The prior distribution for the final update would reflect the updates from all previous hospitals, which we can compute by dividing out hyper_likelihood[i]
.
%time hyper_i = divide(prior_hyper * hyper_likelihood_all, hyper_likelihood[i])
hyper_i.sum()
CPU times: user 310 µs, sys: 147 µs, total: 457 µs
Wall time: 342 µs
4.3344287278716945e-17
We can use hyper_i
to make the prior for the last update.
prior_i = make_prior(hyper_i)
And then do the update.
posterior_i = update(prior_i, data)
And we can confirm that the results are similar to the results from PyMC.
marginal_mu = Pmf(marginal(posterior_i, 0), mus)
marginal_sigma = Pmf(marginal(posterior_i, 1), sigmas)
marginal_x = Pmf(marginal(posterior_i, 2), xs)
compare_cdf(marginal_mu, trace['mu'])
-2.647880881011078 -2.5956645549514694
compare_cdf(marginal_sigma, trace['sigma'])
0.19272226451430124 0.18501785022543282
compare_cdf(marginal_x, trace_xs[i])
0.07245354421667904 0.07224440565018131
Compute all marginals¶
The following function computes the marginals for all hospitals and stores the results in an array.
def compute_all_marginals(ns, ks):
shape = len(ns), len(xs)
marginal_xs = np.zeros(shape)
numerator = prior_hyper * hyper_likelihood_all
for i, data in enumerate(zip(ns, ks)):
hyper_i = divide(numerator, hyper_likelihood[i])
prior_i = make_prior(hyper_i)
posterior_i = update(prior_i, data)
marginal_xs[i] = marginal(posterior_i, 2)
return marginal_xs
%time marginal_xs = compute_all_marginals(data_ns, data_ks)
CPU times: user 184 ms, sys: 49.8 ms, total: 234 ms
Wall time: 173 ms
Here’s what the results look like, compared to the results from PyMC.
for i, ps in enumerate(marginal_xs):
pmf = Pmf(ps, xs)
plt.figure()
compare_cdf(pmf, trace_xs[i])
decorate(title=f'Posterior marginal of x for Hospital {i}',
xlabel='Death rate',
ylabel='CDF',
xlim=[trace_xs[i].min(), trace_xs[i].max()])
0.06123636407822421 0.0617519291444324
0.06653003152551518 0.06643868288267936
0.07267383211481376 0.07250041300148316
0.07245354421667904 0.07224440565018131
0.07430385699796423 0.07433369435815212
0.06606326919655045 0.06646020352443961
0.07774639529896528 0.07776805141855801
0.06788483681522386 0.06807113157490664
0.06723306224279789 0.06735326167909643
0.08183332535205982 0.08115900598539395
0.07003760661997555 0.0704088595242495
0.06136130741477605 0.06159674913422137
0.07330826956150185 0.07297933578329886
And here are the percentage differences between the results from the grid algorithm and PyMC. Most of them are less than 1%.
for i, ps in enumerate(marginal_xs):
pmf = Pmf(ps, xs)
diff = abs(pmf.mean() - trace_xs[i].mean()) / pmf.mean()
print(diff * 100)
0.841926319383687
0.13730437329010417
0.23862662568368032
0.28865194761527047
0.04015586995533174
0.6008396688759207
0.027854821447936134
0.274427646029194
0.17878024931315142
0.8240155997142278
0.5300765148763152
0.38369736461746806
0.44869941709241024
The total time to do all of these computations is about 300 ms, compared to more than 10 seconds to make and run the PyMC model.

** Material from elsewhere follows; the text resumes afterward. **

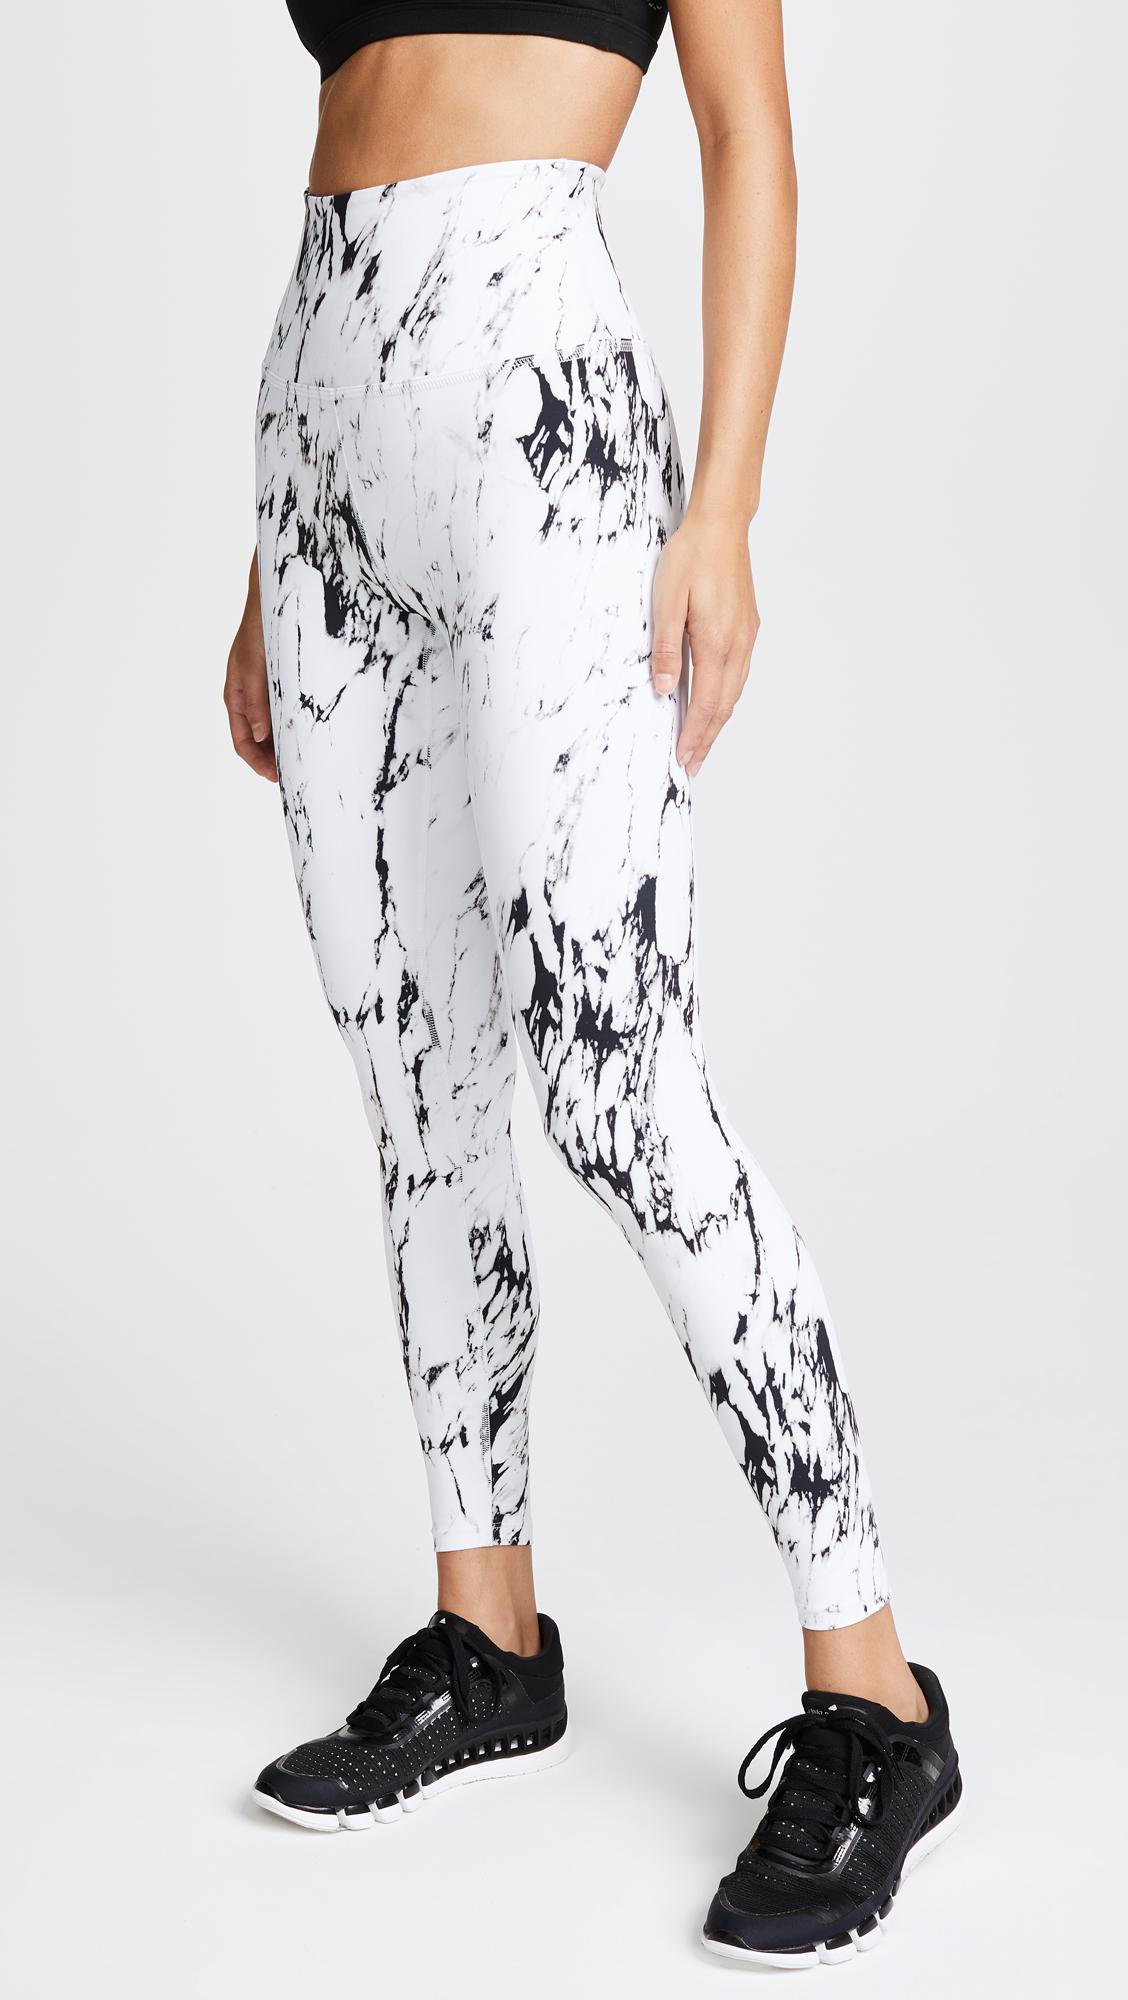 f8394a2c03f6d Beyond Yoga Olympus Leggings in White - Lyst

And PyMC used 4 cores; I only used one.
The grid algorithm is easy to parallelize, and it’s incremental. If you get data from a new hospital, or new data for an existing one, you can:
Compute the posterior distribution of
x
for the updated hospital, using existinghyper_likelihoods
for the other hospitals.Update
hyper_likelihoods
for the other hospitals, and run their updates again.
The total time would be about half of what it takes to start from scratch, and it’s easy to parallelize.
One drawback of the grid algorithm is that it generates marginal distributions for each hospital rather than a sample from the joint distribution of all of them. So it’s less easy to see the correlations among them.
The other drawback, in general, is that it takes more work to set up the grid algorithm. If we switch to another parameterization, it’s easier to change the PyMC model.